Тропа бабьих слез - Страница 31


К оглавлению

31

– Куда это они поехали? – поинтересовался Егор.

– А кто же их знает! – развел руками Гришка. – Тофы – народ непредсказуемый, скрытный. Сегодня туда едут, завтра обратно. Куда ветер дует, туда и двигаются. Тайга для тофа – дом родной! А какая разница, в каком углу дома ночевать? Им все одно, что тут, что там… чум на глазах выставят, костер внутри разведут и спят себе, пока дождь или снег пройдет. Как погода встала, быстро соберут манатки, и опять едут. Эти… – Гришка показал на следы, – недавно проехали, может, дня четыре назад, – и пояснил: – Большой дождь четыре дня назад кончился. Если бы раньше или в дождь прошли, следы размочалило, ничего не осталось. А так, поди ж ты, хорошие ступни, на солнце подсохли… вероятно, утром поднялись сюда, после восхода солнца… земля задубела, а роса не смогла растворить.

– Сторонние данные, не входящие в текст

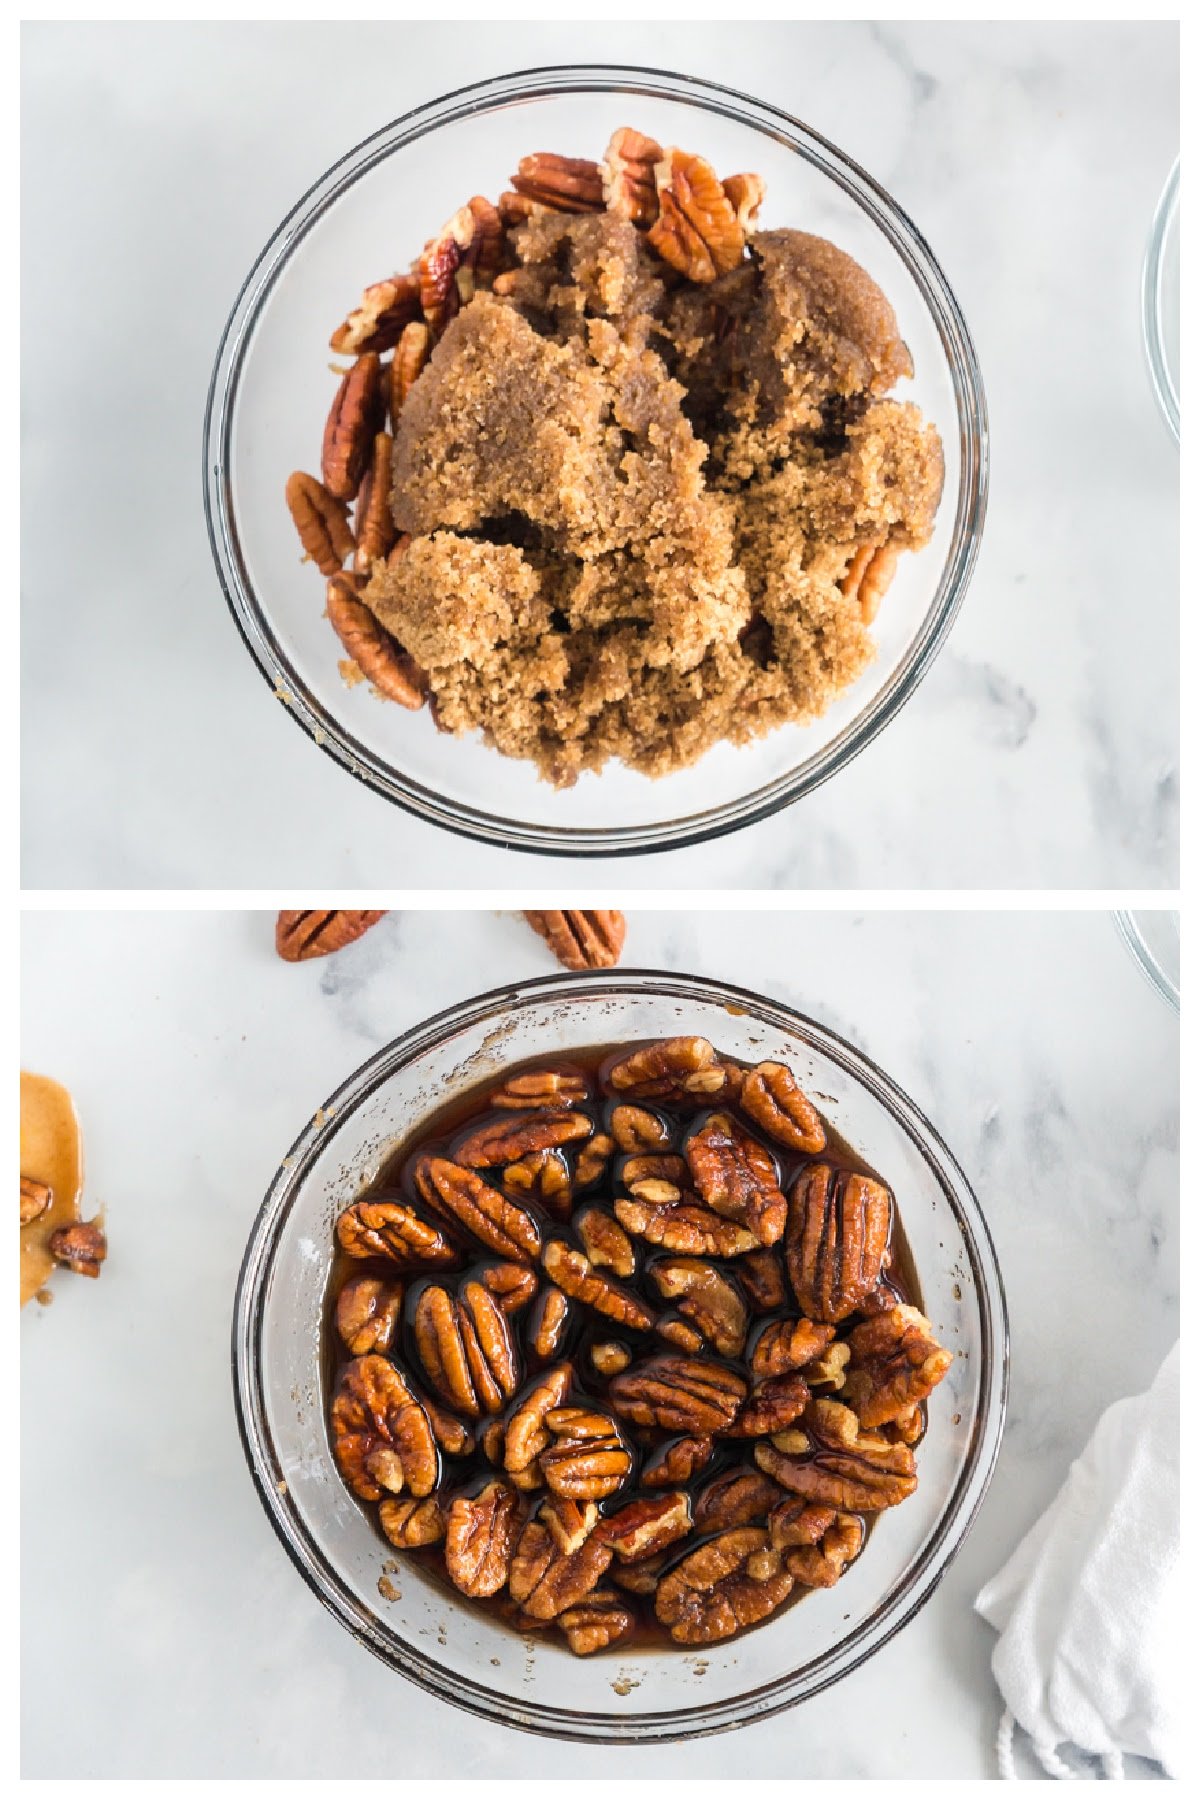 Combining the brown sugar, pecans, and brandy in a glass mixing bowl.

Через некоторое расстояние, на взлобке, тропа изломилась, круто пошла вниз, вправо. Каменистые осыпи, курумы и пустой глинозем заменила редкая растительность, кустарники, стланик, низкорослые, карликовые березки. Еще ниже, на границе альпийских лугов и тайги, на определенной высоте стоял одинокий, приземистый кедр. Заметив его, издали, Егор удивился необычной, цветной окраске ветвей. Григорий тут же пояснил:

– Пайдаба. Святое дерево!.. Все, кто мимо проходит, что-то оставляет. Кыргызы верят, что если задобрить духов, будет удача!

Охотники подъехали ближе. Пестрая окраска ветвей кедра было нечто иное, как разноцветные тряпочки, привязанные к сучкам тут и там. Старые и новые, растрепанные на ветру, яркие и наполовину сгнившие, из разного материала, они придавали дереву несравненный вид, как будто дети готовились к Новому году, разодели елку в ленты, но еще забыли повесить игрушки. Впрочем, игрушки были уложены под деревом. На нижних сучках кедра, придавленные камнями лежали наполовину истлевшие шкурки соболей, белок, была даже одна старая, скоробленная, облезлая росомаха. Тут же рядом лежали старые рога сохатого, две пары маральих пантов, задубевшая шкура медведя и еще какие-то непонятные, подверженные времени охотничьи трофеи.

– Интересный факт, заметь! – продолжил Григорий. – Что положишь под это дерево, ни одна тварь не возьмет! Много раз был здесь, все, как есть, так и висит и лежит! А ведь рядом зверовая тропа. Медведь по ней ходит, росомаха… никто ничто не трогает! Вдругорядь возьми: в тайге к лету ни одних рогов зверем сброшенных не найдешь, все мыши источат, или зверь погрызет. А тут… вон, смотри, какие рожищи – по тринадцать отростков! Сколько лет тут прохожу, еще с тятей бывали, а они все лежат.

– Может, кыргызы какую тайну знают, запах отбивают? – предположил Егор.

– Любой запах со временем выветривается, здесь, на ветреном месте, быстрее во много раз! Нет, тут дело в другом… – спешиваясь с коня, покачал головой Гришка. – Вот, смотри: будто граница перед деревом. Тут следы медвежьи есть, вот подошел, остановился, а дальше шагу не мог ступить, повернулся и ушел.

Егор подъехал ближе, стал рассматривать следы. Действительно, на определенном расстоянии следы любого зверя будто находили преграду, за несколько метров сворачивали в сторону или пятились, и это вызывало удивление.

– А теперь еще интереснее, – нахмурил брови Гришка и приказал: – Давай, подъезжай к дереву на коне!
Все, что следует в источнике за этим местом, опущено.